The little mascot I could do without. And really, I could just remove it myself. I’m compiling anubis myself, instead of using the prebuilt docker image. I’ve already changed the styling to have it match the rest of the site. Removing the mascot and small advert for the author’s business is simple. But out of respect for the author (and their specific offer to provide a white-label version for a fee), I’ve left these elements in.
Containers
When setting up anubis, I did consider using the container images provided by the author. For a while now, I’ve been thinking about migrating everything I run on my servers to containers on top of a small Kubernetes cluster. It’s my job, so I know how to do it, and I don’t think it’s much work.
This would allow me to play with things like Yoke.
Or I could skip Kubernetes entirely and use something like Kamal. Although the lack of formal Podman support is a bummer.
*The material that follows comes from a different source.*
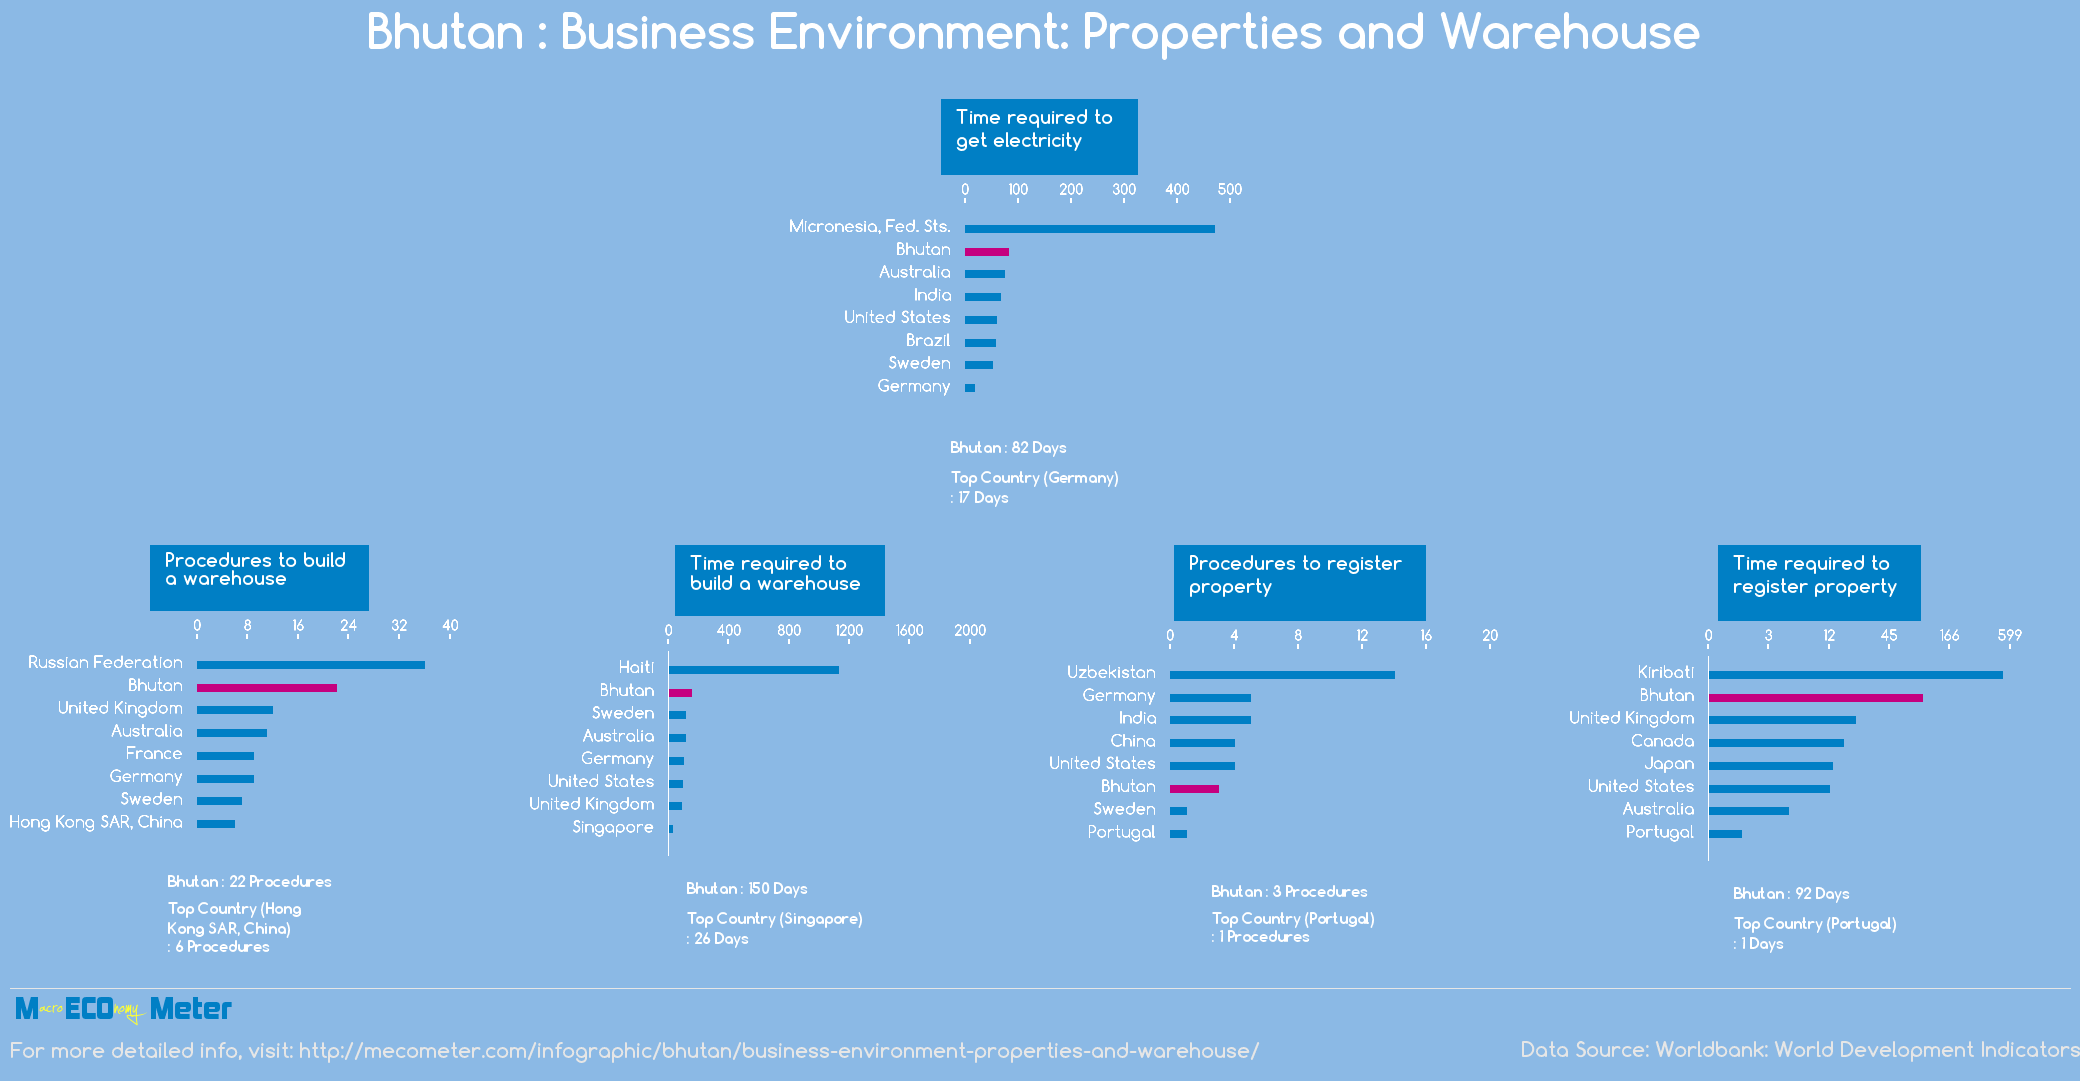 Bhutan : Business Environment: Properties and Warehouse

Of course, I run quite a few things these days. Running Misskey in a cluster isn’t that hard, but migrating my existing postgresql instance would take a fair amount of time. I’m much more familiar with MariaDB. It would just be two deployments with hostPath mounts to an NFS directory. Unworkable at scale, but it’ll do for a dinky private site. Komga and Jellyfin would be simpler, as they come with all their nuts and bolts pre-fitted. This website would probably just be an nginx pod.
Calico could hand out private addresses within the home subnet, but outside the pool. And kubernetes-ingress could just use the host network so my A records can stay the same.
But I’m always left with the same sort of hesitation. Like, it’s a lot of work. To mostly get back to my starting position. It isn’t like I need to, or even could scale the things I run. You can’t simply spin up twenty postgres pods and have twenty-way load distribution. If everything is on one disk, then you’re bound to one disk’s worth of IO. The benefit is distributing CPU and memory load - which isn’t an issue I’m close to having.
Maybe I’ll do it at some point. I don’t know. It wouldn’t hurt to have somewhere to play with gateways.
But then again, do I really want to convert my nftables ruleset to iptables-syntax, so when kube-proxy shits all over said rules, I can follow everything in one place? Probably not. So maybe I wont do it at some point.